Unuamen Artifacts and Historical Reserve 
Unuamen, a surrounding neighbourhood of Okomu Forest Reserve and serene community with the conducive climatic condition and environmentally friendly people, has Ecotourism assets. A stretched layout of rainforest land with rich and diverse flora and fauna and a variety of wildlife, among which is the endangered white-throated monkey and African dwarf crocodile. An open, well stretched out Ovia/Osse river with free-flowing current and annual hydropower potential of 61.619 MW, runs on Unuame western borders. This southerly flowing Ovia/Osse river is also  Okomu Forest Reserve's main drainage and eastern boundary, therefore, making Unuame one of its peripheral communities as shown on the map of Okomu Forest Reserve. It is a beautiful sight to behold. A river beach should be on it for recreation! Unuame has many other attractions, artifacts and historical sites.
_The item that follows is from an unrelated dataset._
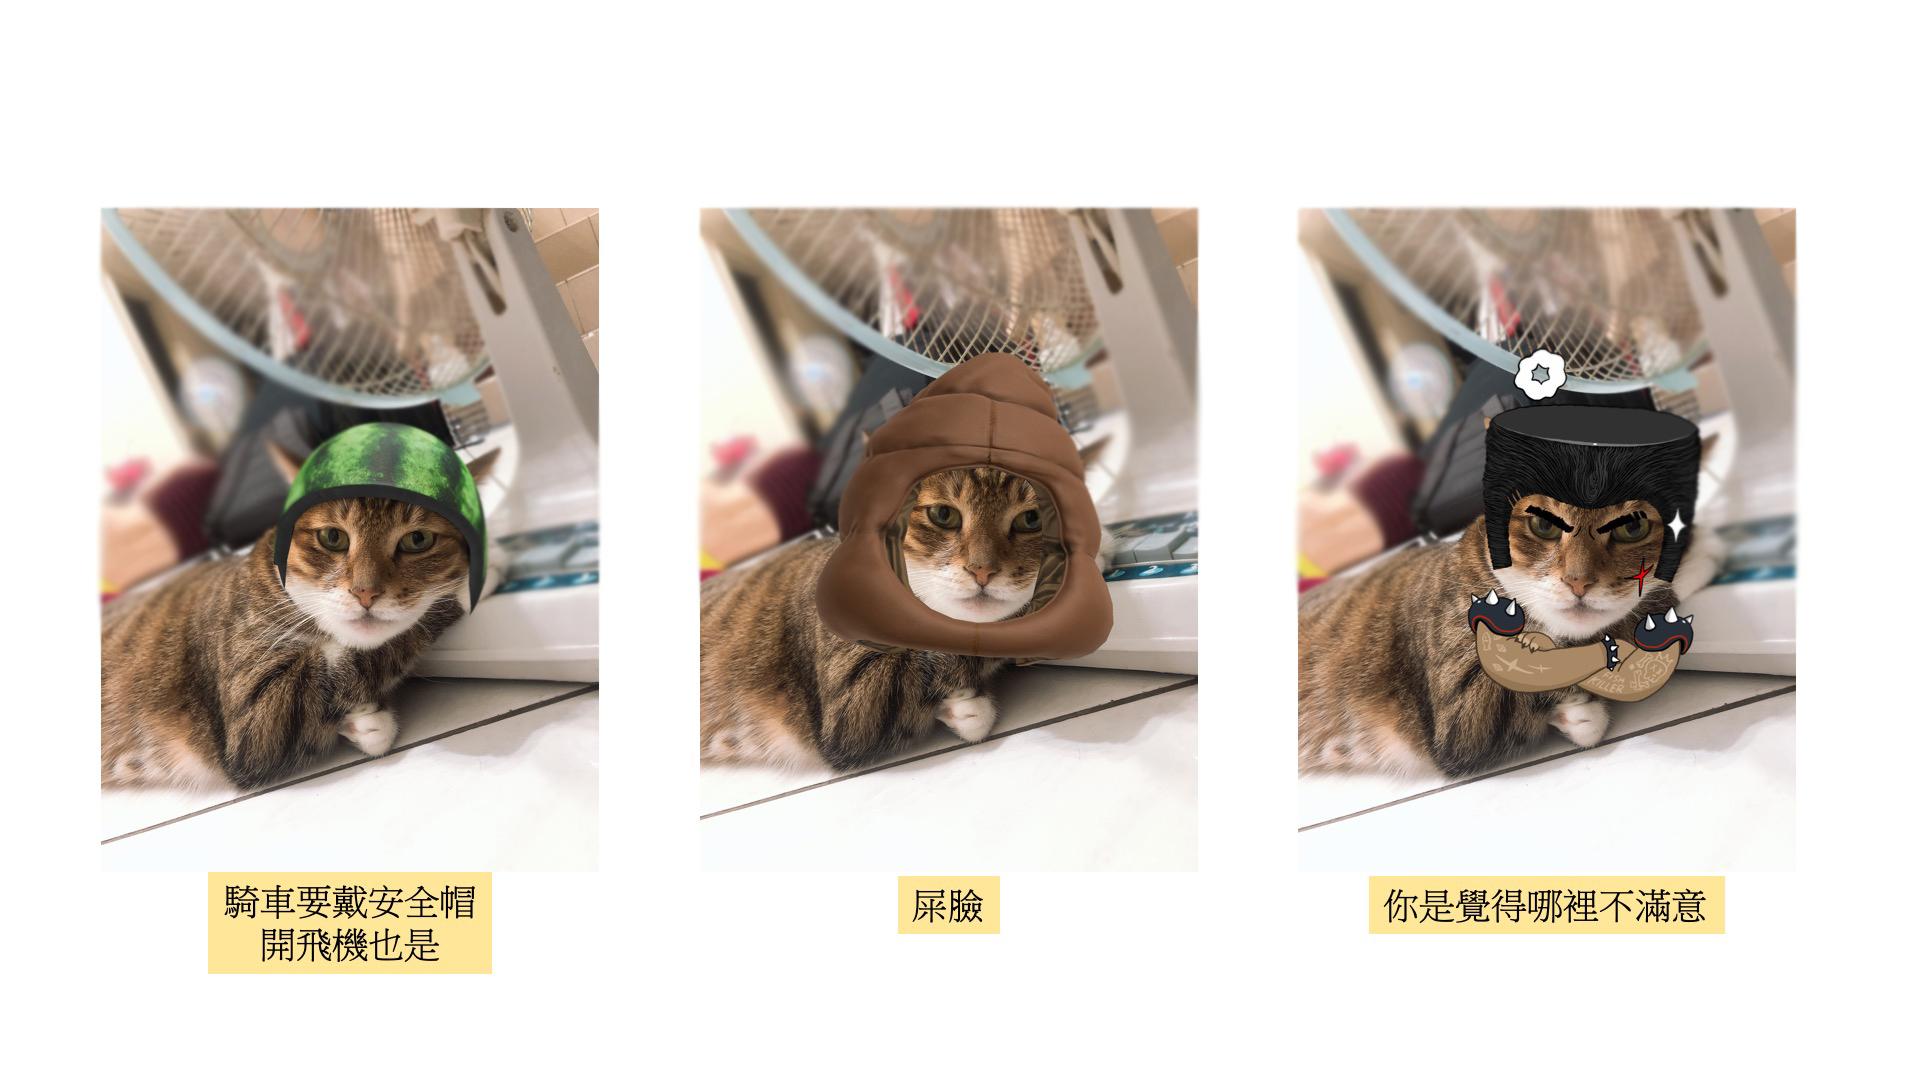 有趣又可愛的貓咪臉孔特效

In 2017, the Edo State Commissioner for Arts, Culture, Tourism and Diaspora; Hon Osazee Osemwengie-Ero, visited the historical locations in Unuame on behalf of the State Governor, Mr Godwin Nogheghase Obaseki. Expressing delight at the historical sites, the commissioner said on a quote: "Today I have seen what I read in books about Oba Esigie and Queen Idia and where the event happened. It is overwhelming. What I saw in Unuamen are worth preserving as they take us way back to over 300 years ago".

The Unuame Government proposed Tourism Centre known as "UNUAMEN HISTORICAL RESERVE" hoist the entry route of Oranmiyan (1170-1200) into Benin kingdom; the renowned Queen Idia Pots, waterpots and food bowls (Okebu) used in cooking for Benin army and hosting Udo warriors to a mysterious defeat. Annually, the Unuamen people create a cultural celebration, whereby the elders of the community offer prayers at the POTS. There is also the Odighi where Ovia anchored and the location of the conference/meeting place where Oba Esigie and Arhuanran met each other for the last time. Additionally, there is Oba Esigie's war camp, monument (a mound) and precious stone (Okuta-Esigie) used during the famous war against Udo and Arhuanran, to mention but a few. Consequently, Unuamen has become a tourist destination for students of history (Vanguard Nigeria, 2018).